I listened to the Sinn Féin spokesperson on older people who clearly, I say respectfully, has not read what the outcome for married pensioners will be. The State pension increases for a couple will, over the course of a year, give them an additional €1,248. The double Christmas bonus will give them €531. The double payment will give them €555. The electricity credit will give them €450. If they are entitled to the fuel allowance, it will be worth an additional €300. That will put more than €3,000 in the pockets of retired pensioners who need it very badly. That is very welcome.

There have been significant changes and benefits. We talk, in particular, about people who are working. Consider a single person earning €22,900 per year, which is half the average salary, and who is renting. With the increase in the minimum wage, tax credits, changes in the USC band, the electricity credit, the rental tax credit and the reduced cost of public transport, such people will have an additional €3,686 per annum. That is a significant advantage to them.

A working single person will end up with €1,200 more in his or her pocket per annum. A married couple with one earner and two children, one in secondary school and the other in college, will have over €3,600 more in their pockets per annum. It is wrong for people to say there are not significant improvements in income. There clearly are such improvements and they are welcome.

I also welcome the additional 1,000 housing adaptation grants in the budget. However, I must say that this does not go far enough. It is time for the Government to publish the report on housing adaptation grants. As I understand it from reading the Alone report on its investigation in this area, there are at least 3,500 older people and people with disabilities who are waiting on the 26 local authority waiting lists. There are different numbers on the waiting lists of different counties. My own county of Louth has the highest number of people who have applied for housing adaptation grants and been accepted by the council but are still waiting. Some 562 people are in that situation. It is a high percentage. That is the number of people recorded as waiting for the grant. Galway County Council, which is in the Leas-Cheann Comhairle's county, has 550 on its waiting list. Limerick has 413 such people. There is a significant issue here and considerable change is required. We have not gone far enough and we must look after disabled people.

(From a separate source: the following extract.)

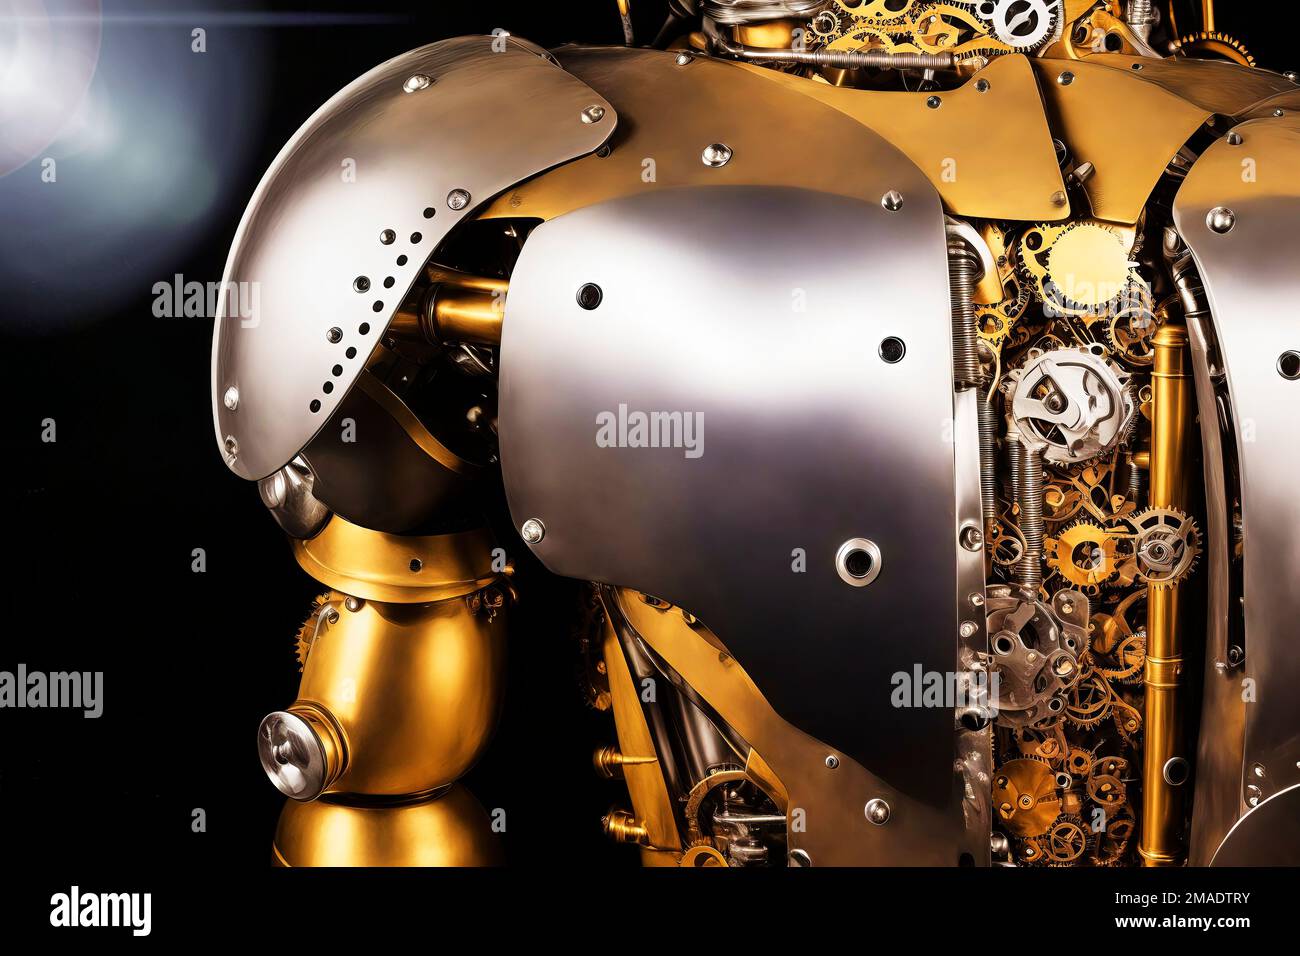 Half length portrait of an android robot wearing biomechanical armor with copper plates and silver plates showing gears, screws and cables, made with Stock Photo

The Ministers in the relevant Department have not dealt with the issue. I have rarely seen a more obvious injustice and inequality in any Administration. There are people who are living in mobile homes where the energy is supplied by the park owner and they do not have individual electricity meters. They still remain locked out of the €800 electricity credit they should have got and that will remain the situation unless the Government changes its policy. The Minister of State needs to speak to his officials. Fat cats and millionaires in Irish society can get this credit while one of the most vulnerable cohorts in our society, those who live permanently in such accommodation, cannot get it. Part of the issue is that officials claim such people should get proof of engagement with an energy supplier for social welfare but they cannot get that proof because they do not have an energy supplier. They are a part of one group meter. It is important that I do not have to appeal this case to the Information Commissioner because of redacted details that the Department is refusing to release to me about why this policy is being maintained. I will continue to raise this matter. It is time to embarrass the powers that be in the Department to ensure this wrong is addressed.